For this year's campaign, according to the Institute, the 82 US companies on the Top 200 list made direct contributions to candidates through political action committees totalling more than 30 million dollars, not counting many times more that amount made in so-called ''soft-money'' donations to parties or interest groups directly involved in the campaign. Overall, according to the Center for Responsive Politics, corporations outspent labour unions 15 to one during this year's campaign. ''The growing private power has enormous economic consequences,'' the report states. ''However, the greatest impact may be political, as corporations transform economic clout into political power. As a result, democracy is undermined. This threat deserves to be one of the major issues on the political agenda.''
At the same time that they wield enormous political power in Washington, companies have been successful in resisting government or public- interest efforts to make their foreign operations more transparent, according to the Institute. Among information that US firms which do business abroad are not required to make public are data about the number of workers they employ in each country, the amount of toxic gases their plants emit into the atmosphere; the location of their plants or contractors; and their wage rates.
Their influence is also illustrated by the extent to which they avoid paying taxes both here and abroad. One study by the Institute of Taxation and Economic Policy found that 44 of the 82 biggest US companies failed to pay the full standard 35-percent corporate tax rate during the period 1996-98, while seven - Texaco, Chevron, PepsiCo, Enron, Worldcom, McKesson, and General Motors - of them actually received rebates that exceeded the amount of taxes they paid during that time. The liberal use of tax havens abroad has also reduced US corporate tax liability for overseas operations far below the rates at which their foreign profits have grown, according to the report.

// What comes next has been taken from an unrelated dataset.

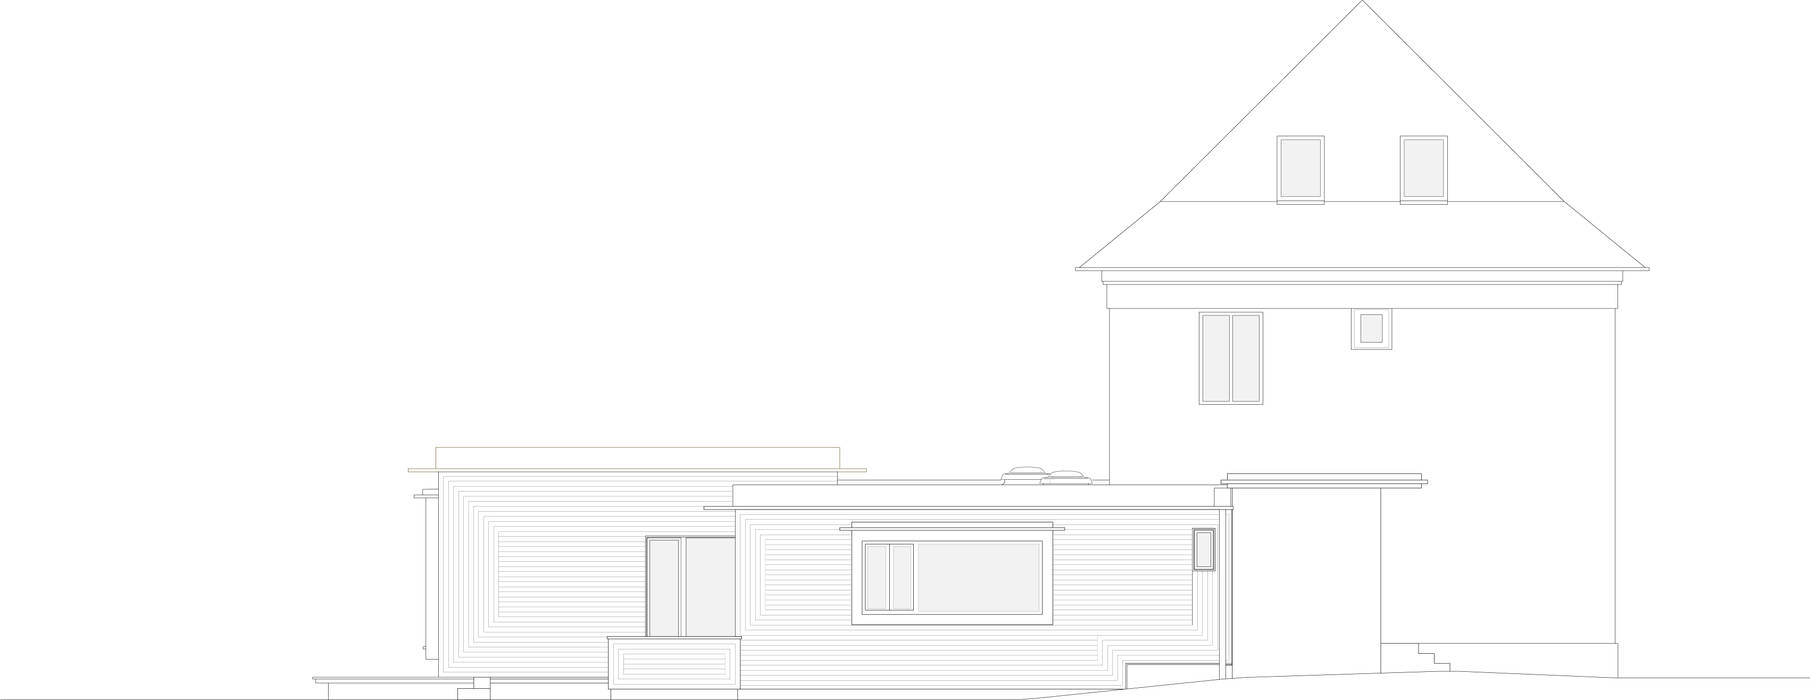 現代 by brandt+simon architekten, 現代風 semi-detached house,extension,Berlin,wooden house,wood facade

The 82 US firms among the world's top 200, as determined by Fortune Magazine, represent a substantial increase over 1995, when only 59 of the top 2000 were US-based. At that time, Japan was a close second with 58, but, with the continuing effects of its long recession, Japanese firms now account for only 41 of the 200 largest. The world's six largest companies as defined by 1999 sales are General Motors, Wal-Mart, Exxon, Mobil, Ford Motor, and the German company Daimler Chrysler in that order. As economic entities, they rate, 23, 25, 26, 27 and 28, respectively, behind the GDPs of the major western industrialised powers, China, Brazil, Mexico, India, South Korea, Russia, and Argentina.
The world's biggest private employer in 1999 was Wal-Mart, whose global workforce has skyrocketed from 62,000 in 1983 to 1,140,000 last year. The report notes that while the retail chain, which has been expanding aggressively in Latin America, has undoubtedly created new-job opportunities for tens of thousands of workers, it remains ''notorious'' for its anti-union efforts and heavy reliance on part-time employees to whom it is not required to pay health or other benefits.